The Daily Mail has branded Tony Nicklinson, a British man who seeks the right to legally end his life after having suffered from ‘locked-in syndrome’ for twelve years, a ‘single minded, selfish obsessionist.’ A High Court judge has ruled that Mr. Nicklinson should be able to seek a ‘defence of necessity’ for cases such as his, thus establishing that ‘there are no alternative means by which his suffering may be relieved’ and absolving of murder the doctor who would assist Mr. Nicklinson’s death.
Whilst the Mail’s disgustingly frivolous treatment of a man who would think himself ‘lucky’ to develop cancer so that he could ‘say no to those who would keep (him) alive against (his) will’ does not stray onto the dangerous ground of quasi-religious ‘sanctity of life‘ claims, it does revert to scaremongering talk of dangerous precedents. Kathy Gyngell writes in her article that this is a case of ‘personal ambitions’ being put before considerations of the ‘consequences for society’ and that the judge should not have given his request ‘the time of day.’ Ms. Gyngell apparently belongs to the ‘hard cases make bad laws’ camp. However, what it seems people really mean when they cite this cliché is that hard cases make difficult laws. That may well be the case, but do we really think that it’s easy to draw the line between free speech and hate speech, or self-defence and murder? No. Do we draw such lines anyway? Of course. It seems clear to us that logistical considerations should not determine legal principles.
Besides, whilst there is reason for caution when discussing cases of non-voluntary euthanasia (not be confused with involuntary euthanasia), it is deceptive to overplay the possibility of misjudgment in cases of voluntary euthanasia, as the Mail does in drawing desperate parallels to the uncertainties of abortion. As with Tony Nicklinson, these are instances of people making a ‘voluntary, clear, settled and informed decision’ to end their lives, with such cases having been properly considered for years in Belgium, The Netherlands, Luxembourg, Switzerland and three American states.
It soon becomes clear that it is exactly this ‘voluntary decision’ that the Daily Mail opposes. In a typical case of ‘political-correctness-gone-mad’ hype, the Mail dubs euthanasia a case of ‘rights too far,’ claiming that we are ‘obsessively rights oriented’ and that, in fact, ‘death is not a right.’ The National Right To Life News Today has reacted to this case in the same manner, saying
“We all accept that there are limits to choice. Even in a free democratic society there are boundaries to our autonomy. We are not entitled to exercise ‘freedoms’ that will endanger the reasonable freedoms of others…this is in order to maintain protection for others.”

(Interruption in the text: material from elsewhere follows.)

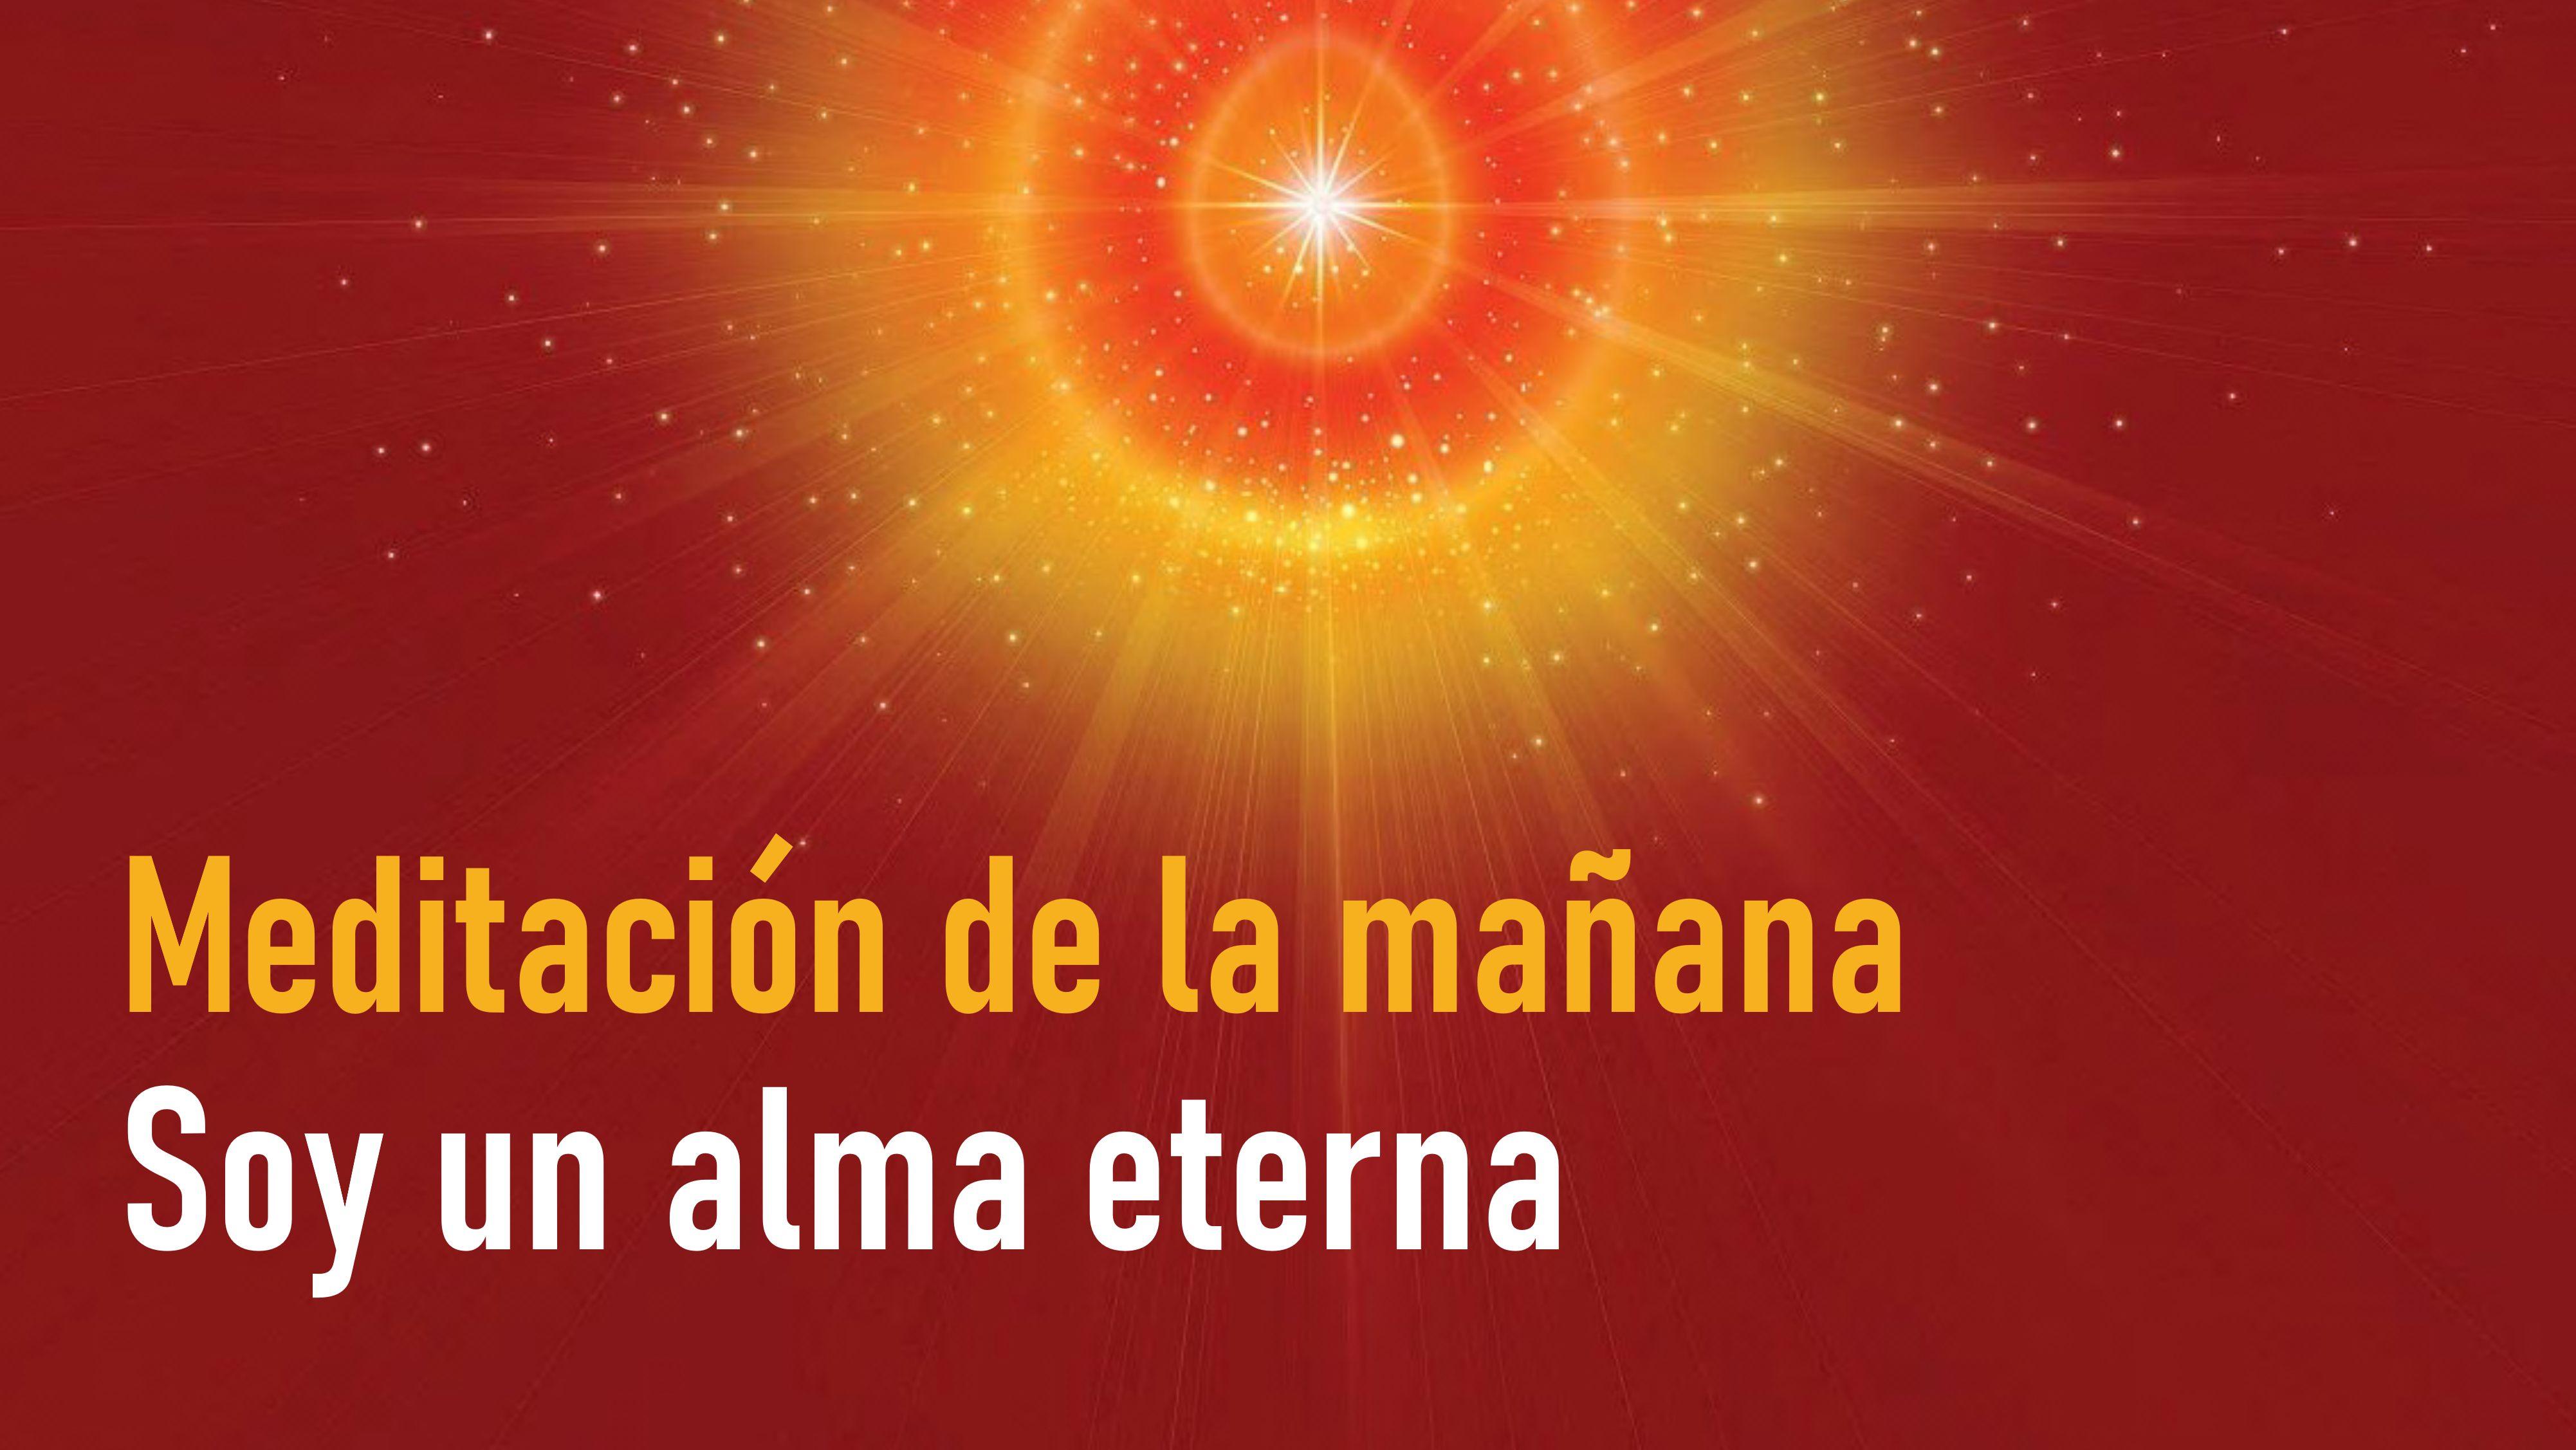 Meditación de la mañana Raja Yoga: Soy un alma eterna (13 Octubre 2020)

Let’s first be clear that euthanasia, a ‘good death,’ does not endanger, or even interfere with, the rights of the general population. Secondly, death is a right. The Universal Declaration of Human Rights states that we have a right to life, not an obligation to life. Thus, in the same way that the right to security of person does not deny us the right to put ourselves in danger or that the right to own property does not deny us the right to forgo that property, the right to life should not deny us the right to death. In fact, in exercising our right to death we are precisely forgoing the security of that which is our most fundamental piece of property. If we are to be self-determined, autonomous and empowered to take true ownership of our lives we must also be able to take ownership of our deaths. Furthermore, the Universal Declaration seems to lend support to Mr. Nicklinson’s case in particular, stating that ‘everyone has the right to a standard of living adequate for the health and well-being of himself’ and that ‘no one shall be subjected to arbitrary interference with his privacy, family, home or correspondence, nor to attacks upon his honour and reputation.’ It seems that for the courts to extrapolate Mr. Nicklinson’s right to die from these statements alone would be and act of inference rather than interpretation.

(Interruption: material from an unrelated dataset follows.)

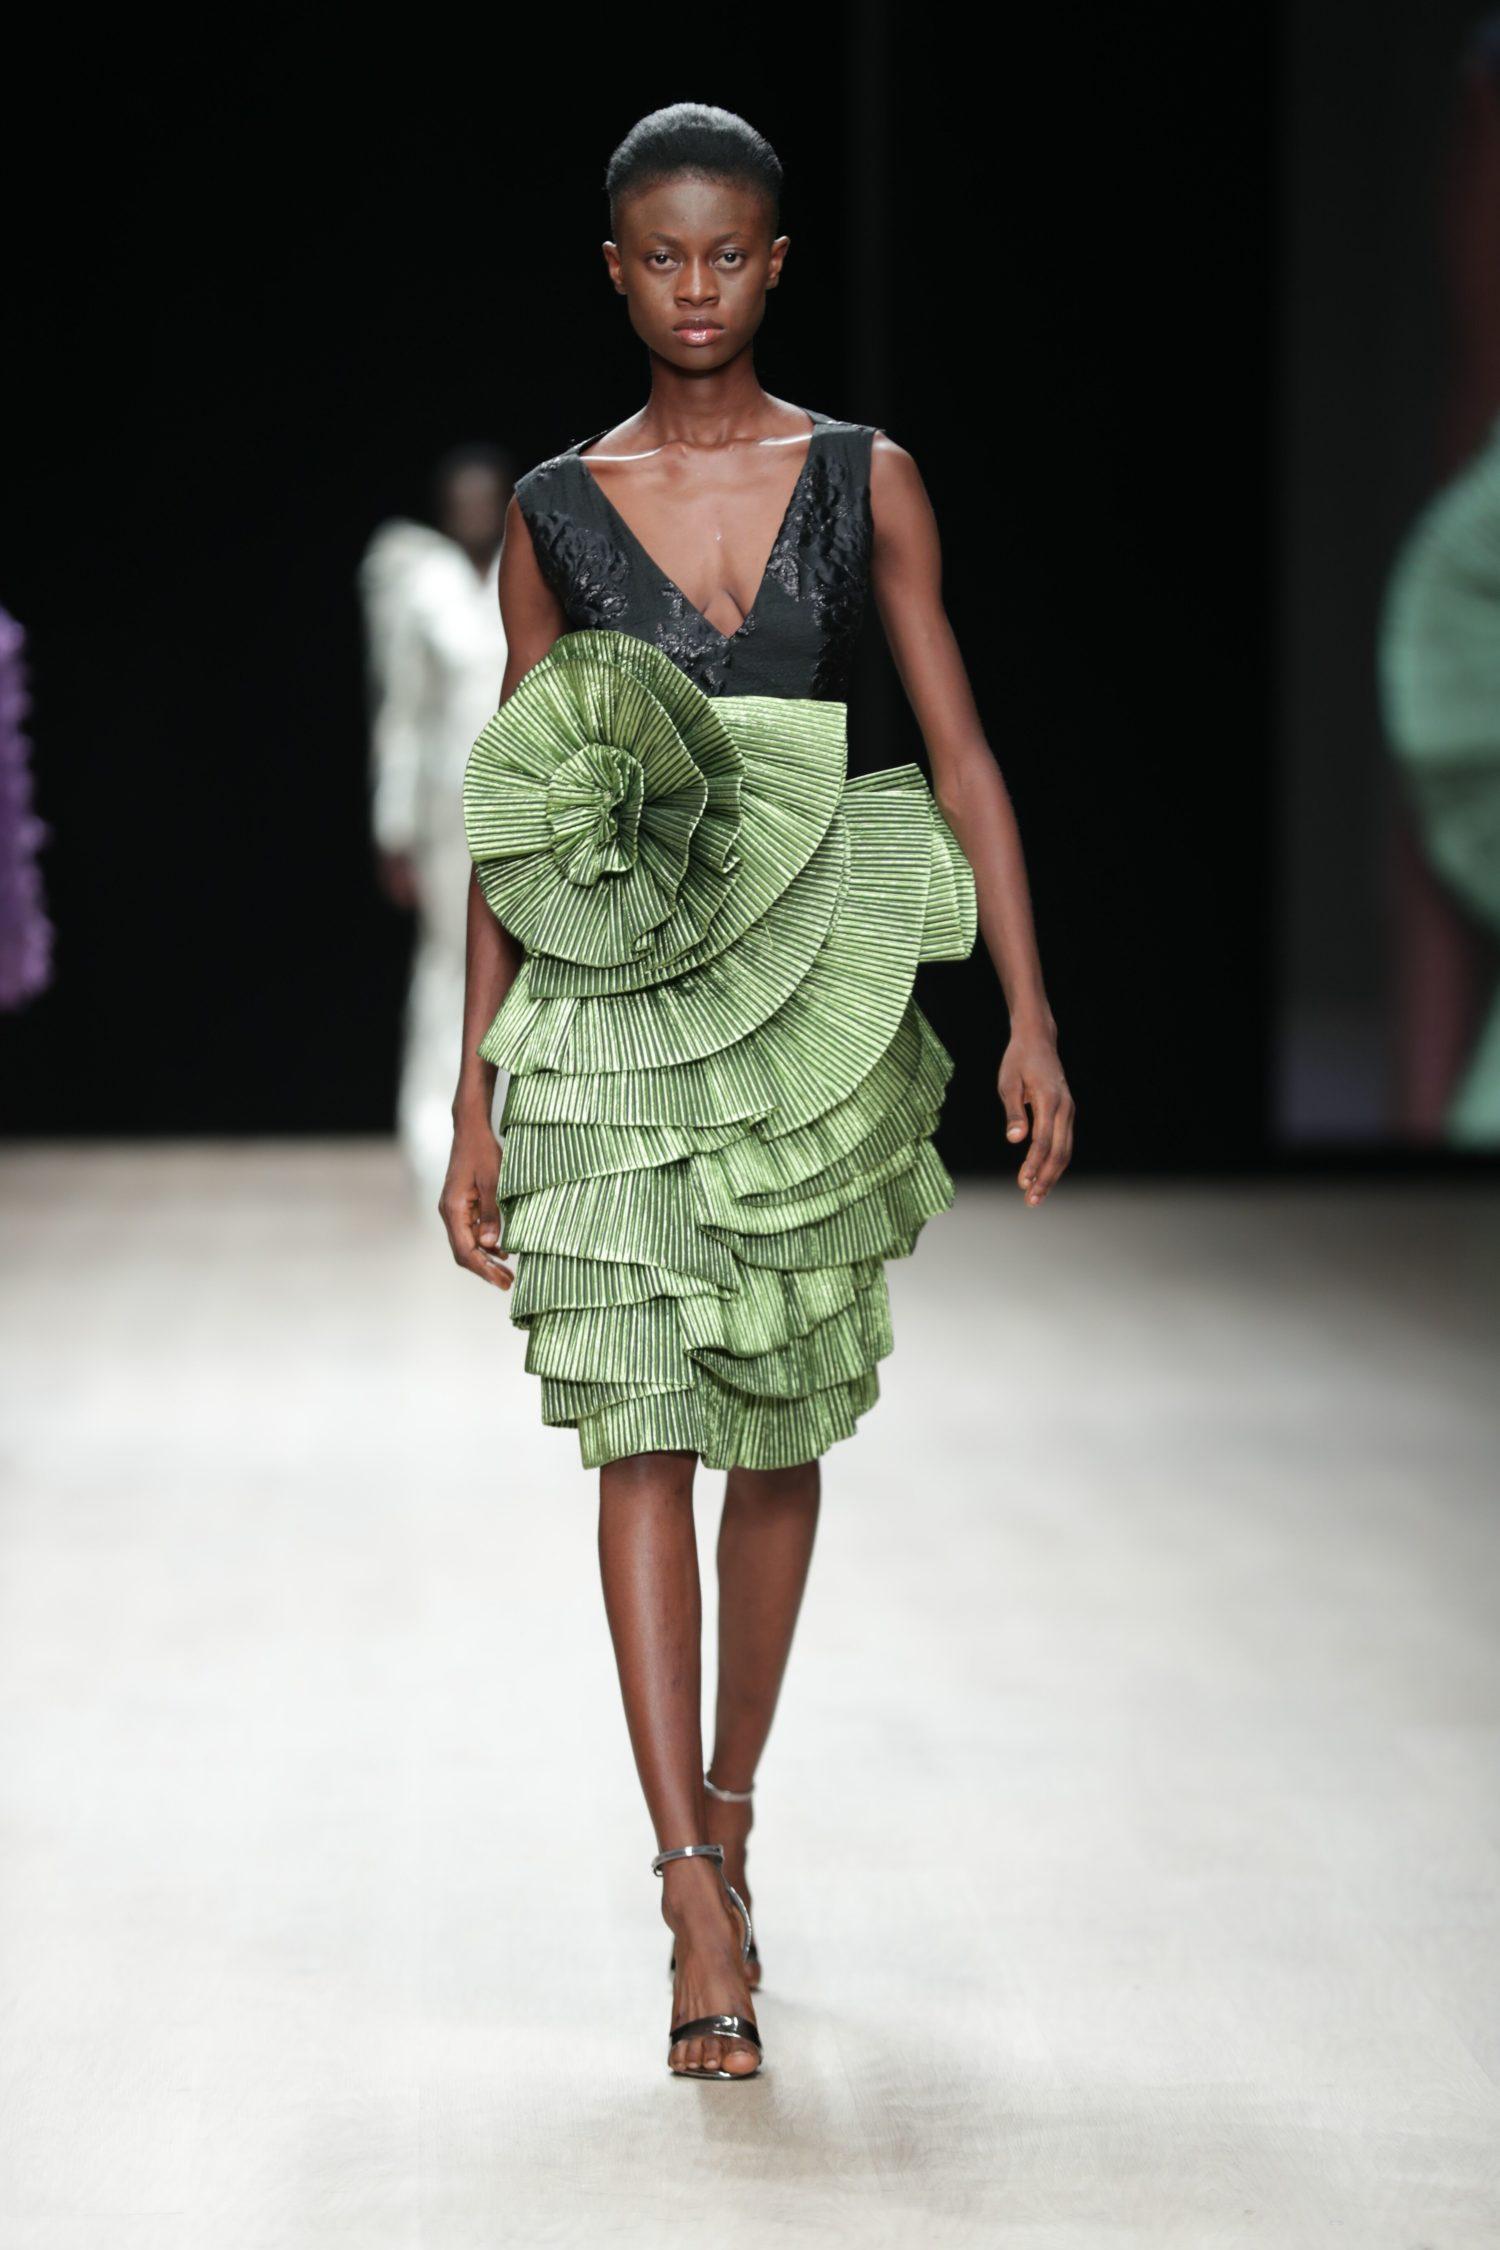 ARISE Fashion Week 2019 | Yutee Rone

On the contrary, Ms. Gyngell believes it is ‘not for the courts but for Parliament to make a decision’ regarding euthanasia policy. Crucially, though, this should not be a matter of policy. This is a decision regarding rights, not politics, and it is therefore only appropriate that it be made in the domain of justice – the High Court – and not in the domain of party-centric Members of Parliament and unelected Lords.
To oppose the legalization of voluntary euthanasia based on an unfounded fear of complicated precedents and a confusion of a fundamental human right for a matter of political opinion is to make a mockery of Mr. Nicklinson’s ‘intolerable’ suffering, his privacy, his dignity and his right to a self-determined life and death. So yes, Ms. Gyngell and The Daily Mail, we are proud to be ‘obsessively rights oriented’ and to recognise Tony Nicklinson’s right to die.